Mechanical Engineering - Hydraulics and Fluid Mechanics - Discussion
Discussion Forum : Hydraulics and Fluid Mechanics - Section 5 (Q.No. 5)
5.
The pressure of the liquid flowing through the divergent portion of a venturimeter
Discussion:
38 comments Page 2 of 4.
Nilesg harhila said:
6 years ago
The answer is B.
Divergent portion velocity decrese and pressure increase exit.
Divergent portion inlet velocity increase and pressure decrease.
Divergent portion velocity decrese and pressure increase exit.
Divergent portion inlet velocity increase and pressure decrease.
Himanshu garg said:
8 years ago
What's the right answer?
Sandeep chaure said:
5 years ago
As we know the pressure is calculated by formula gamma *h, hence h will become less than in convergent portion so the answer is "decreases".
Pappu Kumar said:
5 years ago
Pressure will be increase to divergent portion.
Vinay BEL said:
5 years ago
It should be Increases.
Sachin said:
5 years ago
Pressure increases in divergent section that's why length of divergent section is increased so that pressure increases gradually else flow would not happen from low pressure region in throat to high pressure region.
Er. P. C. Meena said:
4 years ago
According to Bernoulli equation in divergent portion Area increases, than Kinetic energy decreases, thus pressure energy also increases.

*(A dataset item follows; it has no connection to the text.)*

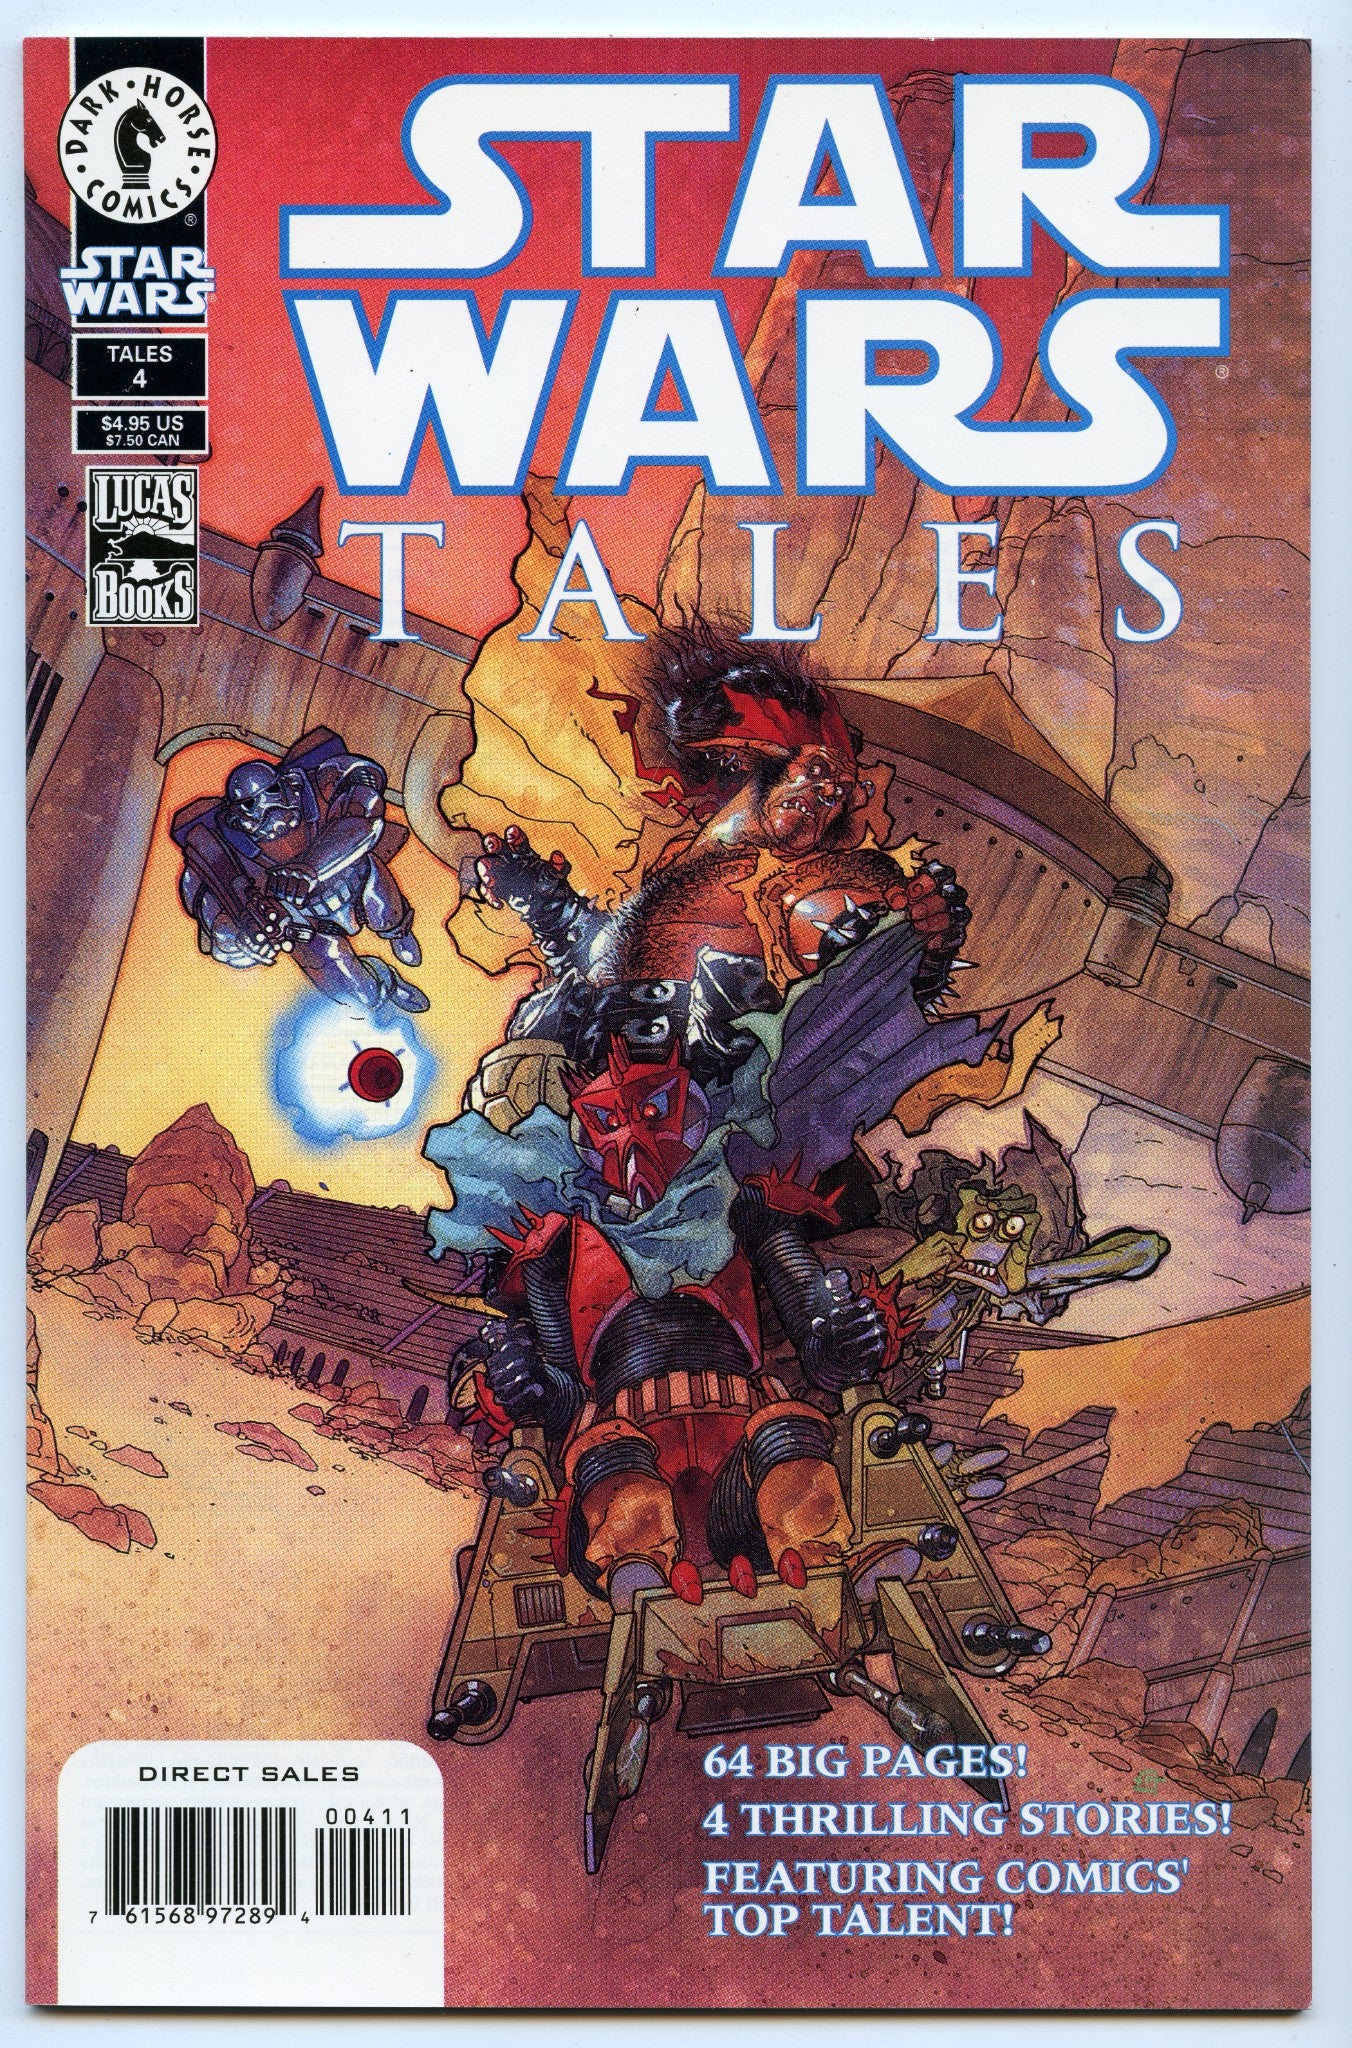 Star Wars Tales 4 (Jun 2000) NM (9.4)

So, exactly Pressure energy increases.
So, exactly Pressure energy increases.
Patel said:
4 years ago
Pressure is increase if velocity decrease.
Hritik said:
2 years ago
According to the continuity equation A1V1=A2V2, the velocity is inversely proportional to the cross-section, so the velocity decreases with the increase in the area.
-> Similarly, according to the Bernoulli theorem, the pressure is inversely proportional to the velocity of the moving particles.
Thus, this implies the divergent section of the venturi meter has less velocity with maximum pressure.
-> Similarly, according to the Bernoulli theorem, the pressure is inversely proportional to the velocity of the moving particles.
Thus, this implies the divergent section of the venturi meter has less velocity with maximum pressure.
VAISHALI said:
9 years ago
By continuity equation, the area is inversely proportional to velocity so with the increase in area in the diverging section velocity decreases and therefore by Bernoulli's equation we can conclude that the pressure must increase in this region.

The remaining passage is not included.